EU conditions funding assistance to South Sudan

Christian Bader the EU Ambassador to South Sudan speaks to editors in Juba while Wim Vandenbroucke, the EU Head of Cooperation looks on

By Tapeng Michael Ohure

The European Union has budgeted a funding assistance to South Sudan but has conditioned that continuity in spending on the 11-year-old country is subject to positive results.

The bloc has spent 1 billion Euros in the country since independence but donors and tax papers are fatigued their money can’t change the state of affairs in the country that has experienced six years of a devastating crisis after independence in 2011.

The EU launched a multiannual indicative program for South Sudan running between 2021 and 2027.

Euros 208 million has been committed for 2021 to 2024 and the next three years would be conditioned to a review of achievements of the funding.

“One condition is that in 2024, if we don’t have a good story to mobilize resources, the tax payers will turn to other countries where there are positive stories,” Christian Bader, the EU ambassador to South Sudan told editors at a breakfast meeting in Juba on Thursday.

Funding priorities

The funding is basically to assist in ensuring a green and resilient economy, health and education and good governance, peace and rule of law for a fairer society in South Sudan.

 “Since independence, even since before the crisis, the donors have been supporting peace and humanitarian assistance and, in my opinion, somebody else doesn’t do their deal,” Bader said while questioning the political will from South Sudanese leaders to ensure peace and security.

The crisis which began in the country in 2013 left 400,000 people dead and displaced four million others, according to United Nations. It slashed the main source of funding, crude oil, and led to economic chaos.

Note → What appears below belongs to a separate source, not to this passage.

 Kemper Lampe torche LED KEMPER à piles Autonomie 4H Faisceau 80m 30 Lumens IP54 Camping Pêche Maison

Back and forth negotiations between warring parties led to a peace agreement which established a three-year transitional government that ends in 2023 and is expected to lead the country to democratic elections.

Several provisions which were to be completed in the agreement has including the formation of a hybrid court for accountability and forming a nation professional army inclusive of both government and opposition forces are yet incomplete.

Arms Embargo

This week, the government announced 50,000 soldiers for the professional force.

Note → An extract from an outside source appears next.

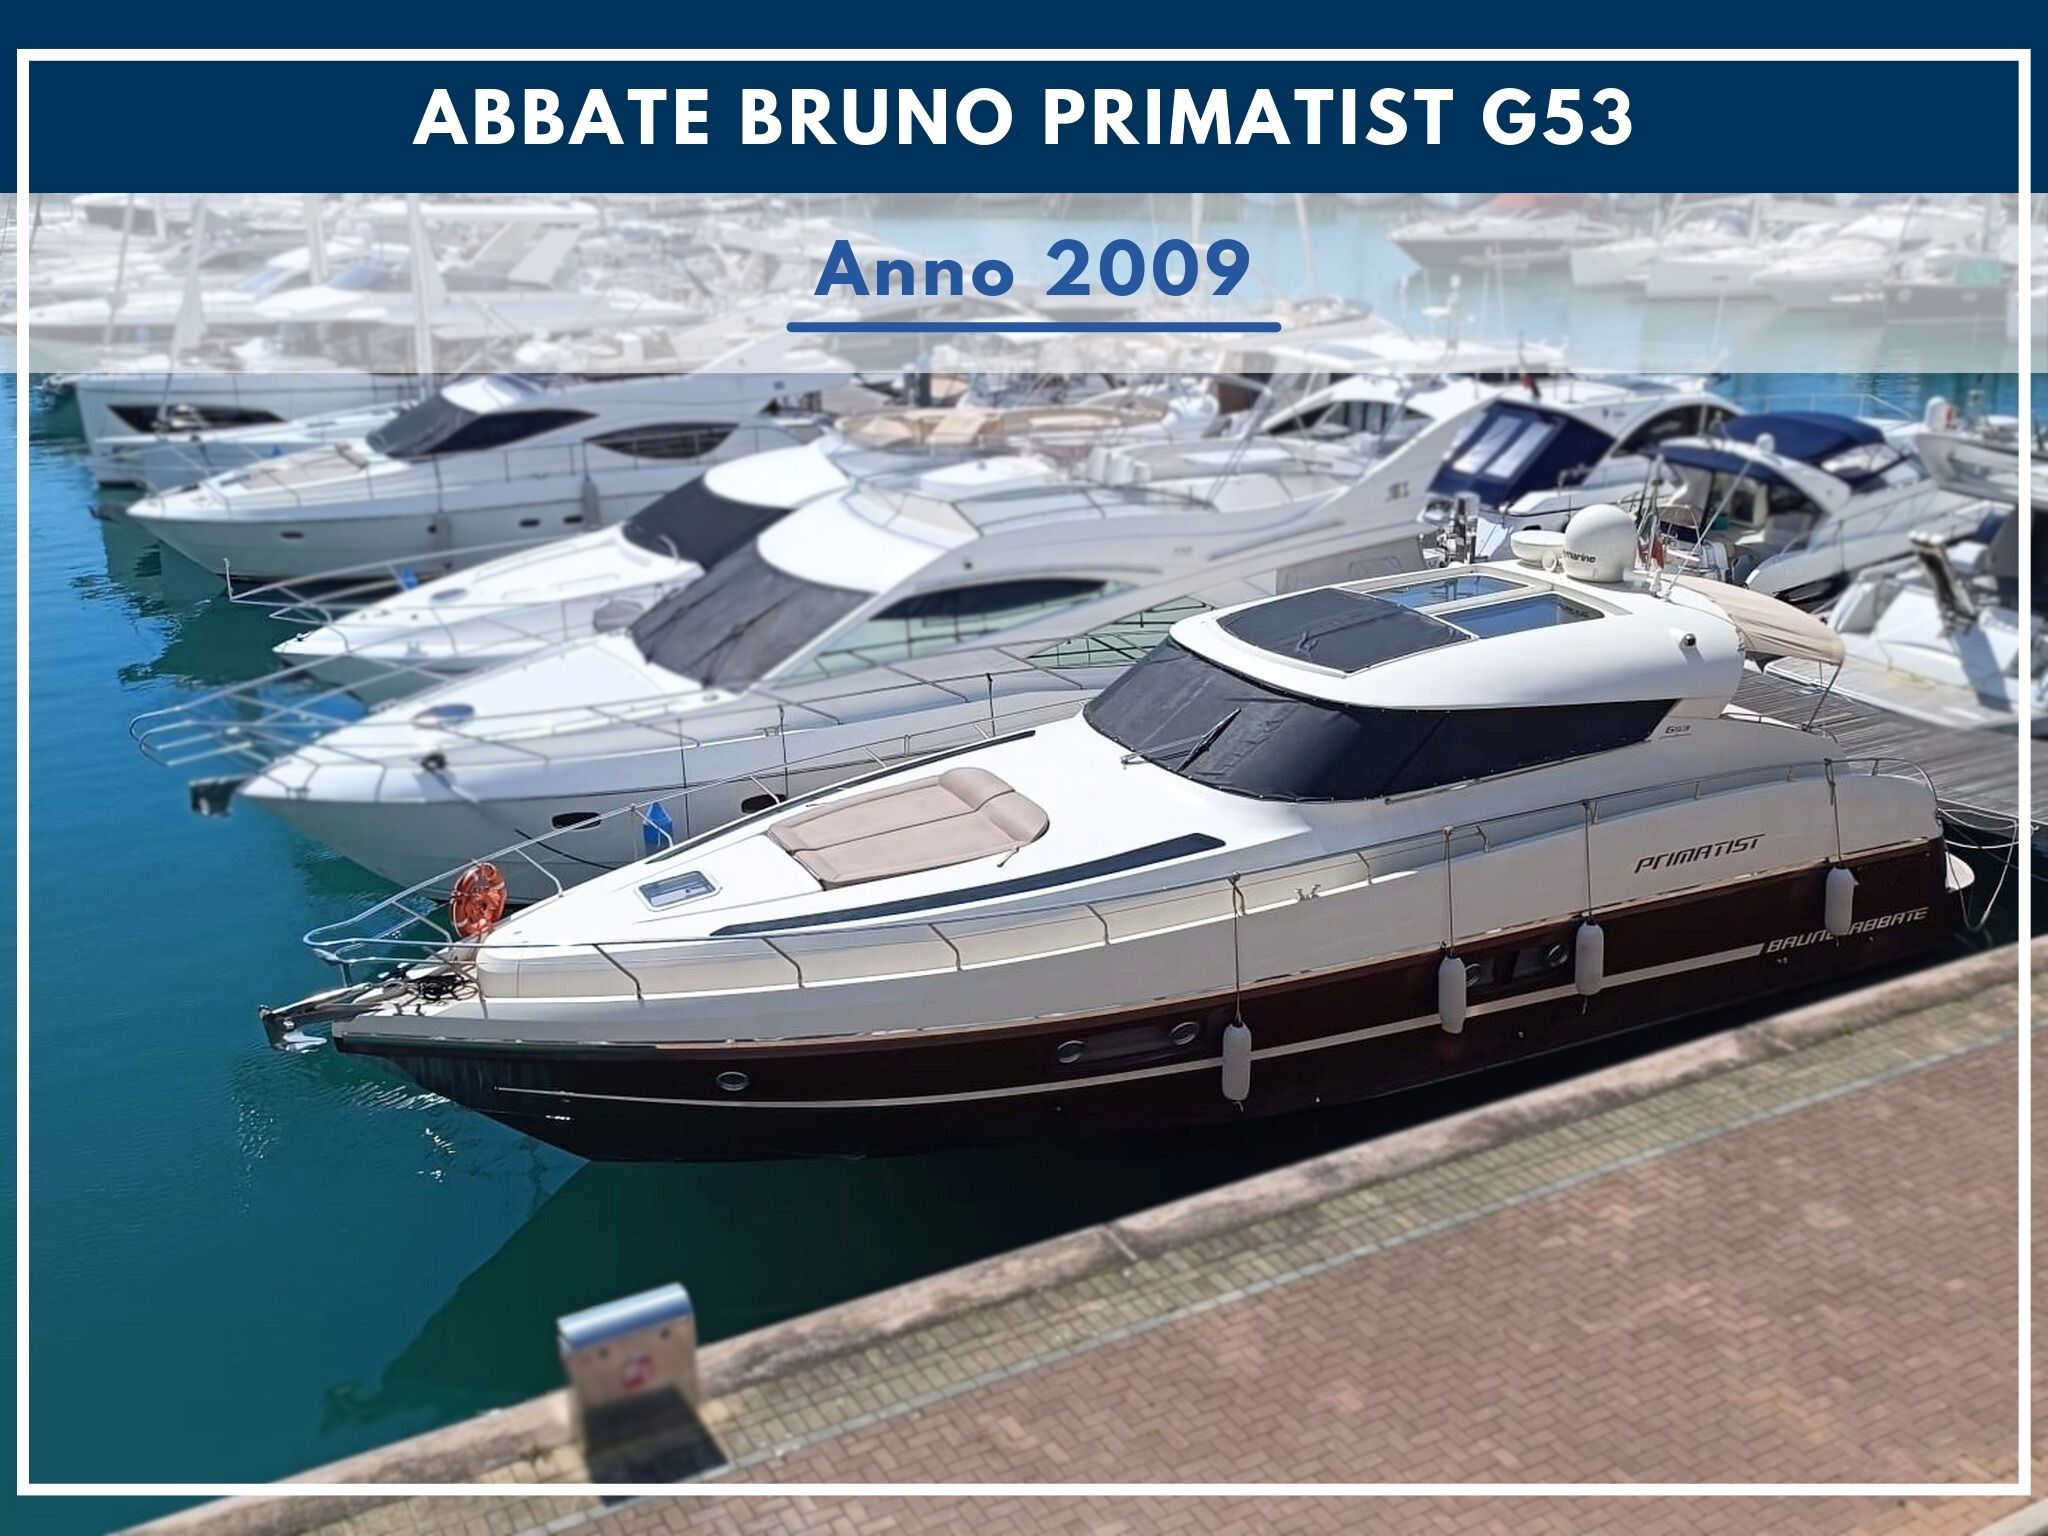 Nuovo Arrivo: Abbate Bruno Primatist G53

The delay on training and passing out of the forces for amalgamation into that army has been blamed by government on lack of funding and arms embargo slapped on the country, including from the European bloc.

“The problem in this country is not lack of weapons but excess of guns in the country,” Bader said.

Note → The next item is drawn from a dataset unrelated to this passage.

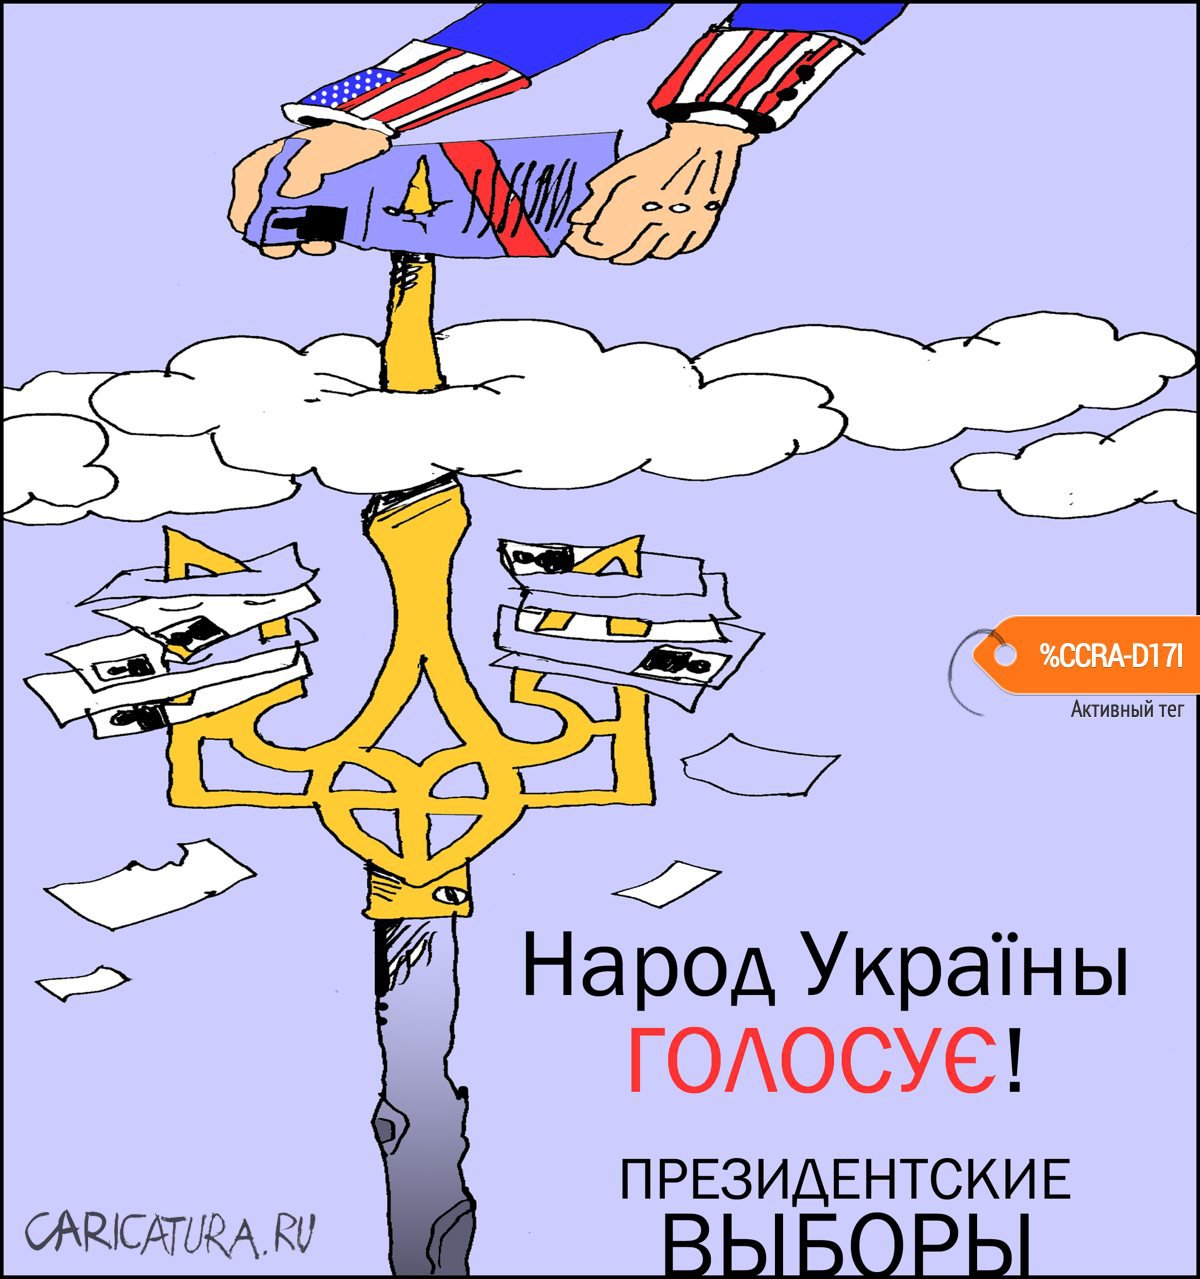 Карикатура "Народное волеизъявление", Александр Уваров

“Everybody has weapons in this country and when you look at the weapons, its not an old rifle from your grandfather. Its these big big new RPGs, and even some armored vehicles are in this country,” he said.

People’s power

The country must strike for the goal of returning authority to the citizens so that they can involve themselves in affairs that concern them, Bader said.

“We believe at a certain point, the power goes back to the people,” Bader said.

“At a certain point, you can have elections which will not be completely [well organized] but acceptable by all,” he said.

“We can say it has not been completely okay but we can say yes, it is okay.”